■ Material provided

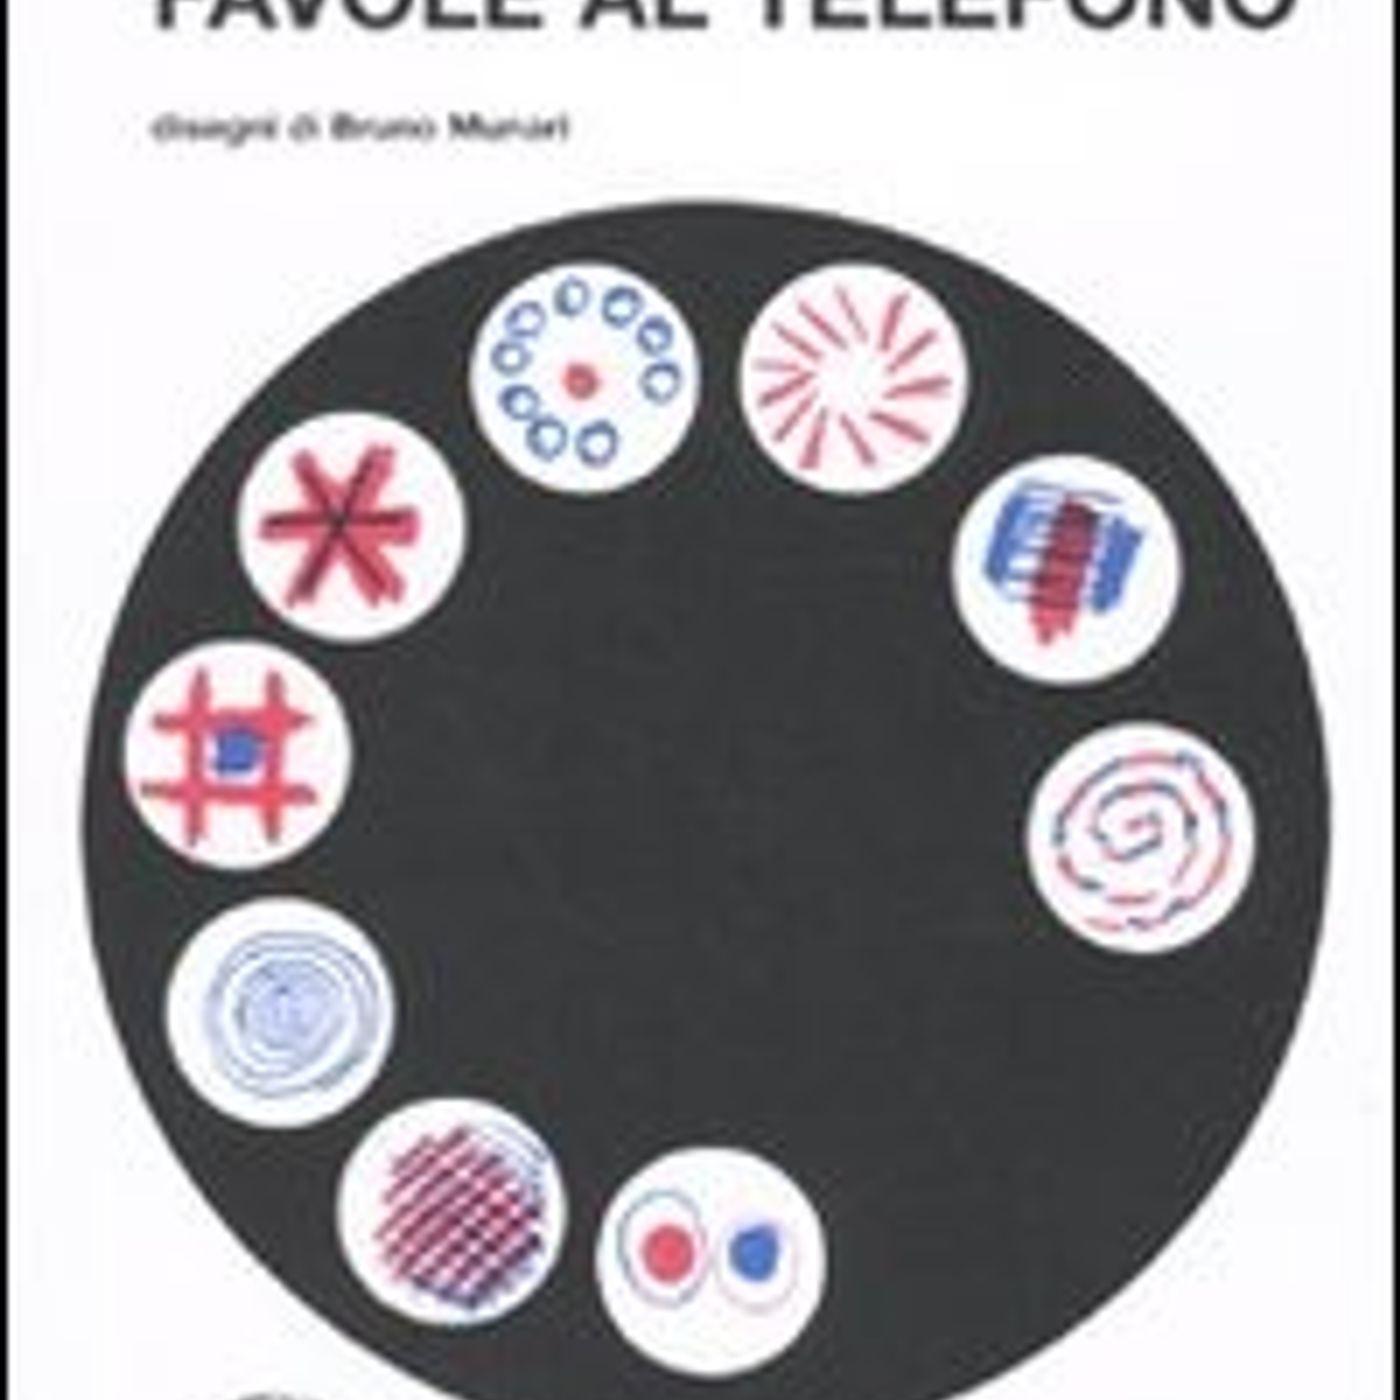 Radio Giochiecolori -  Il paese senza punta (Gianni Rodari)
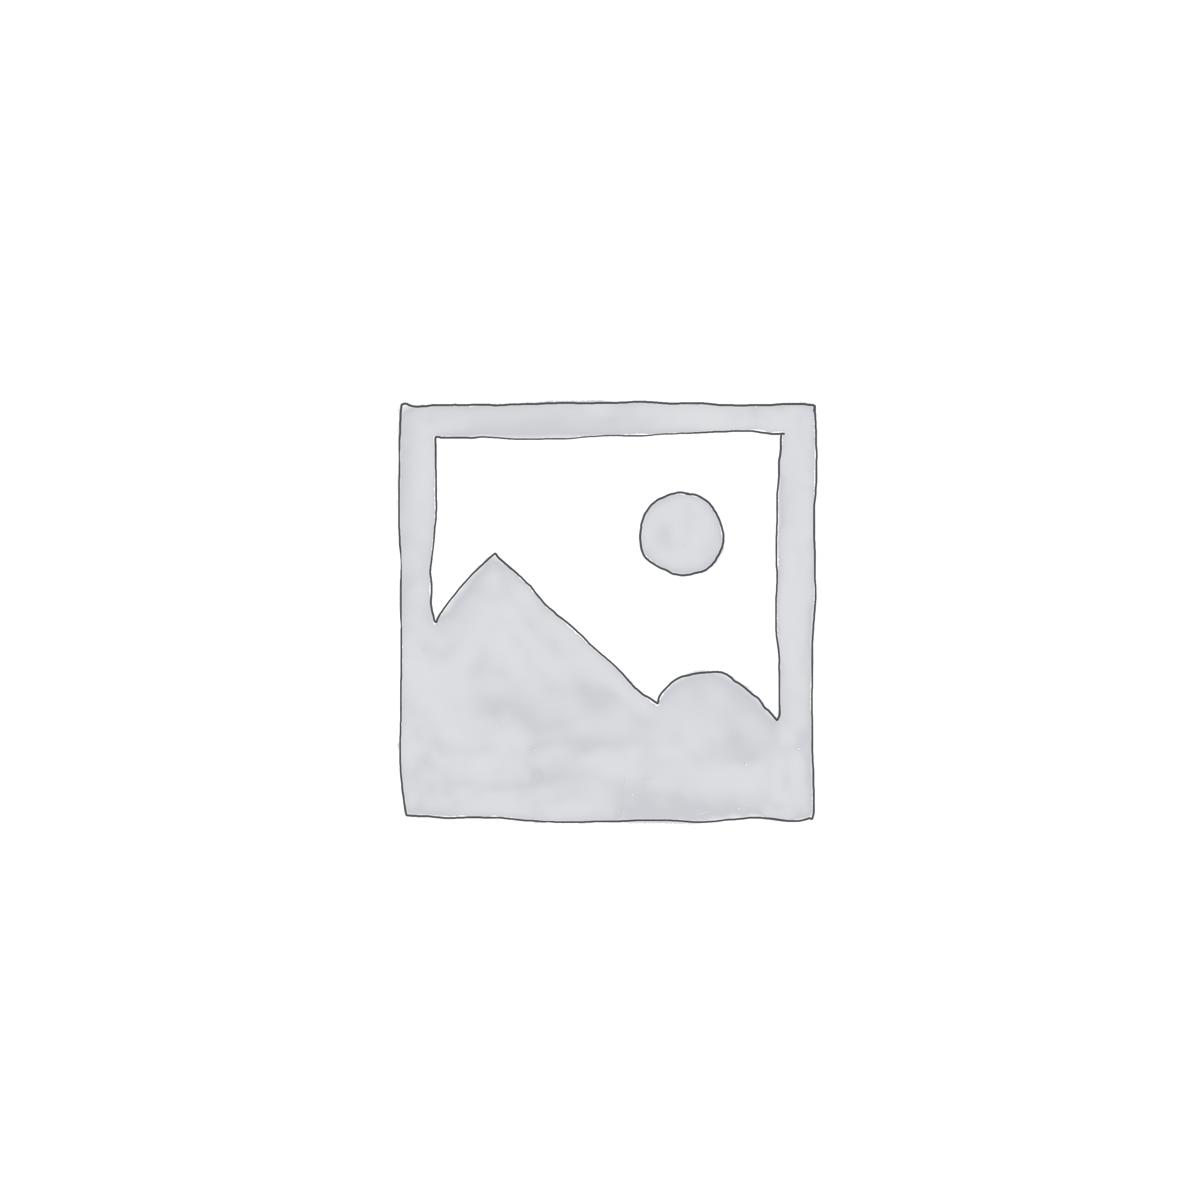 Historical Vintage Peacock Art Wallpaper Mural
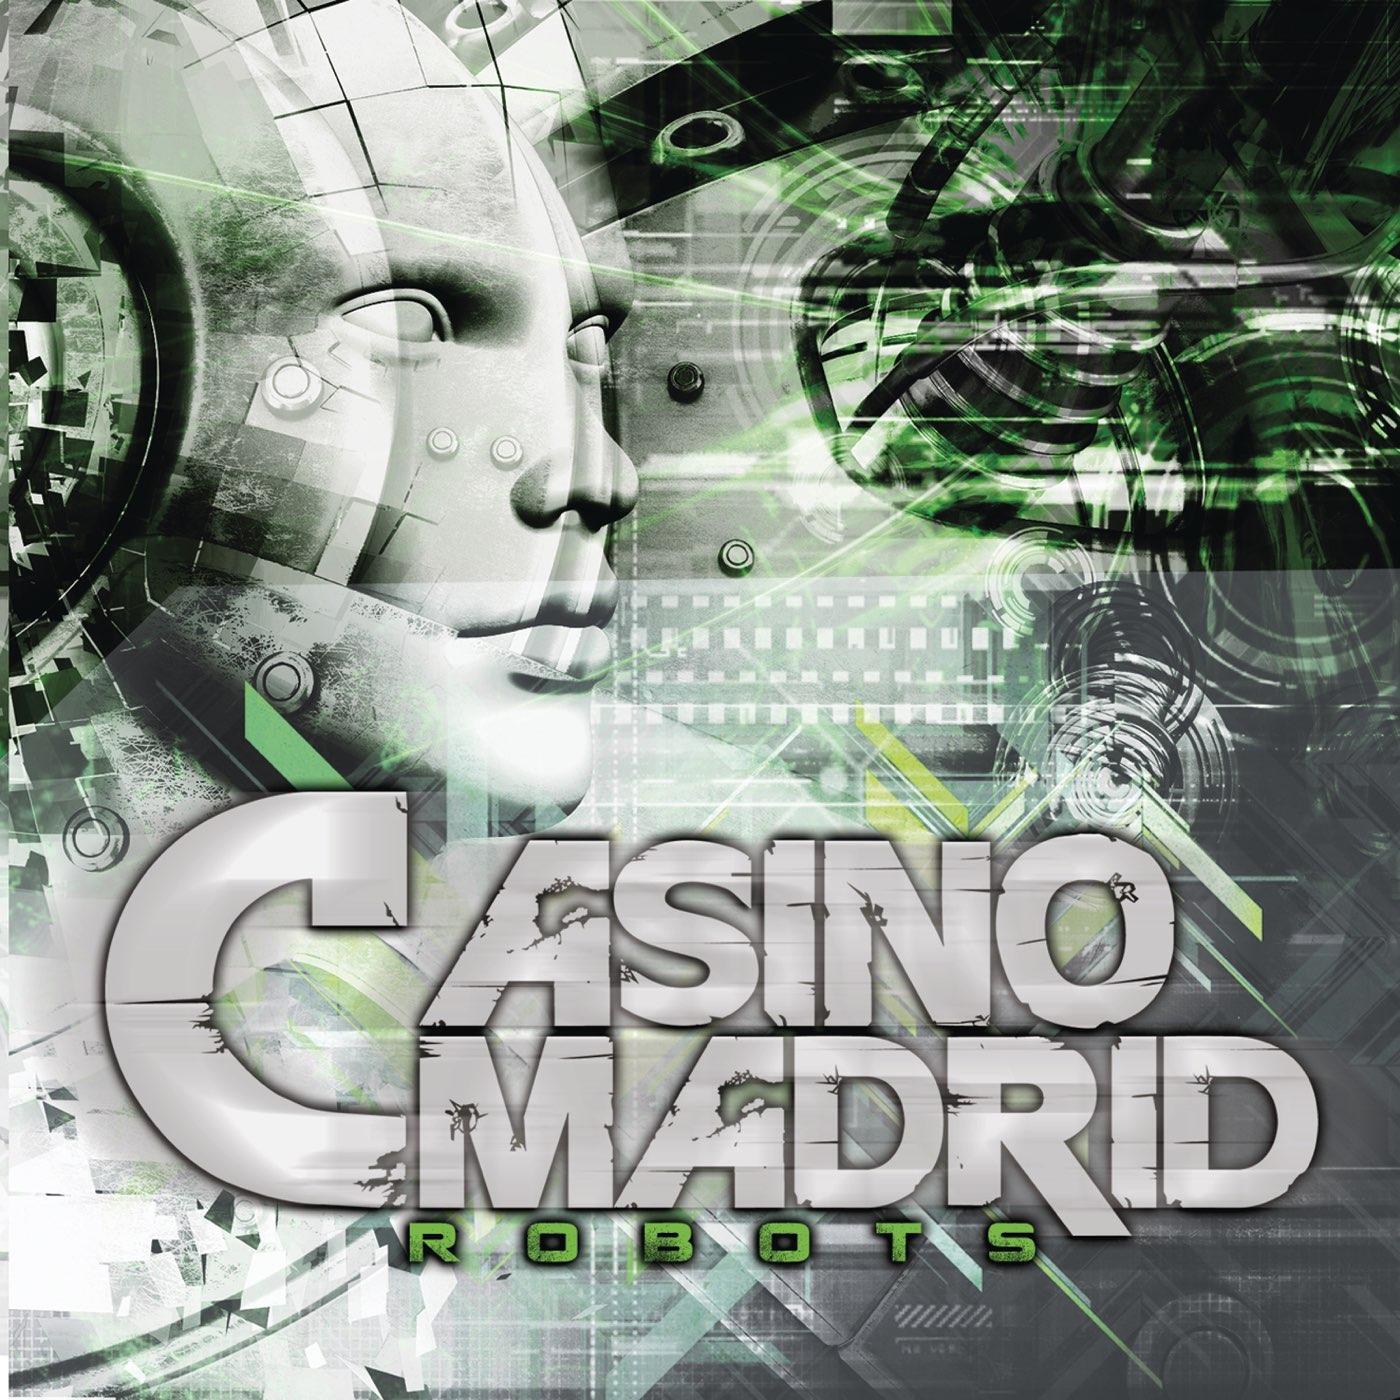 Casino Madrid - Robots (2011)
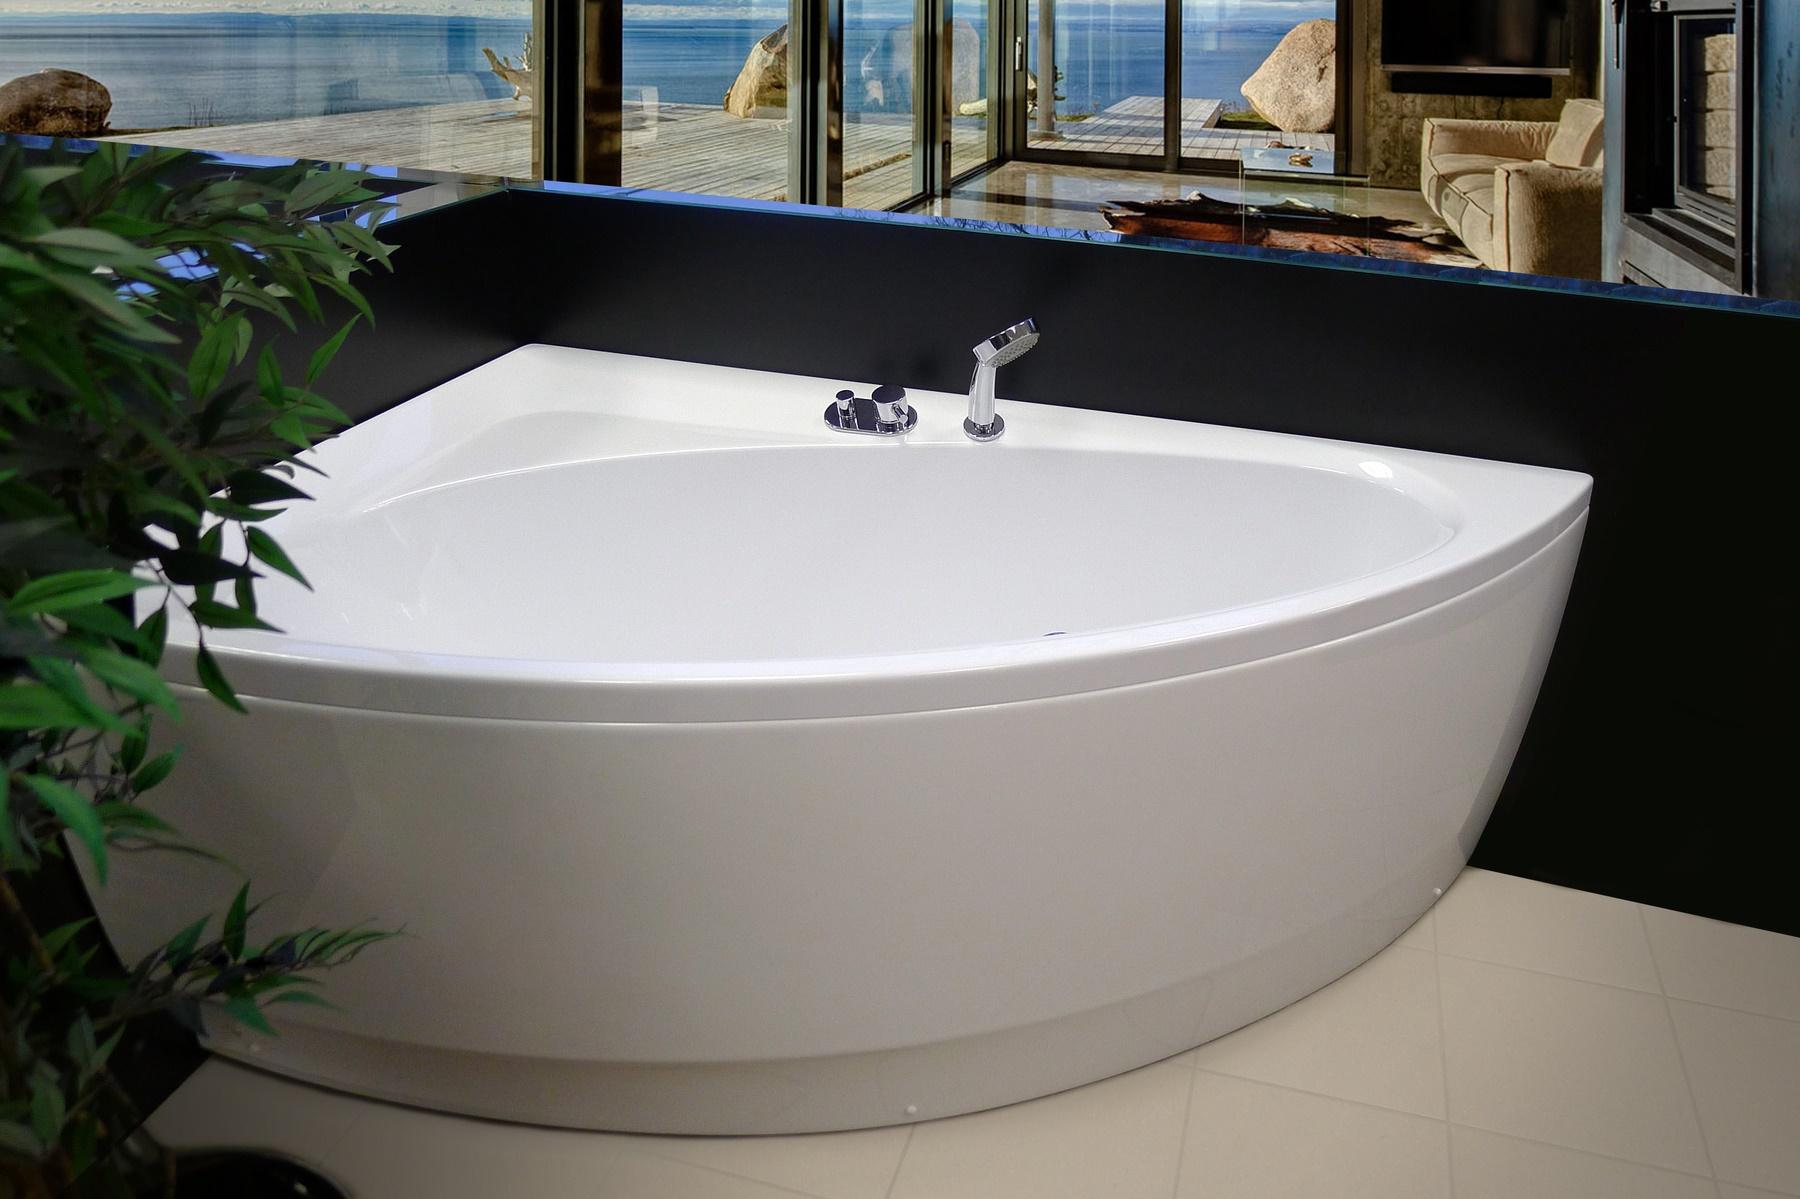 Aquatica idea r wht corner acrylic bathtub for Freestanding tub vs built in

■ Aim of the task
A faithful copy of all the data above, without its pictures, is the expected result.

■ Your response
 Radio Giochiecolori -  Il paese senza punta (Gianni Rodari)
 Historical Vintage Peacock Art Wallpaper Mural
 Casino Madrid - Robots (2011)
 Aquatica idea r wht corner acrylic bathtub for Freestanding tub vs built in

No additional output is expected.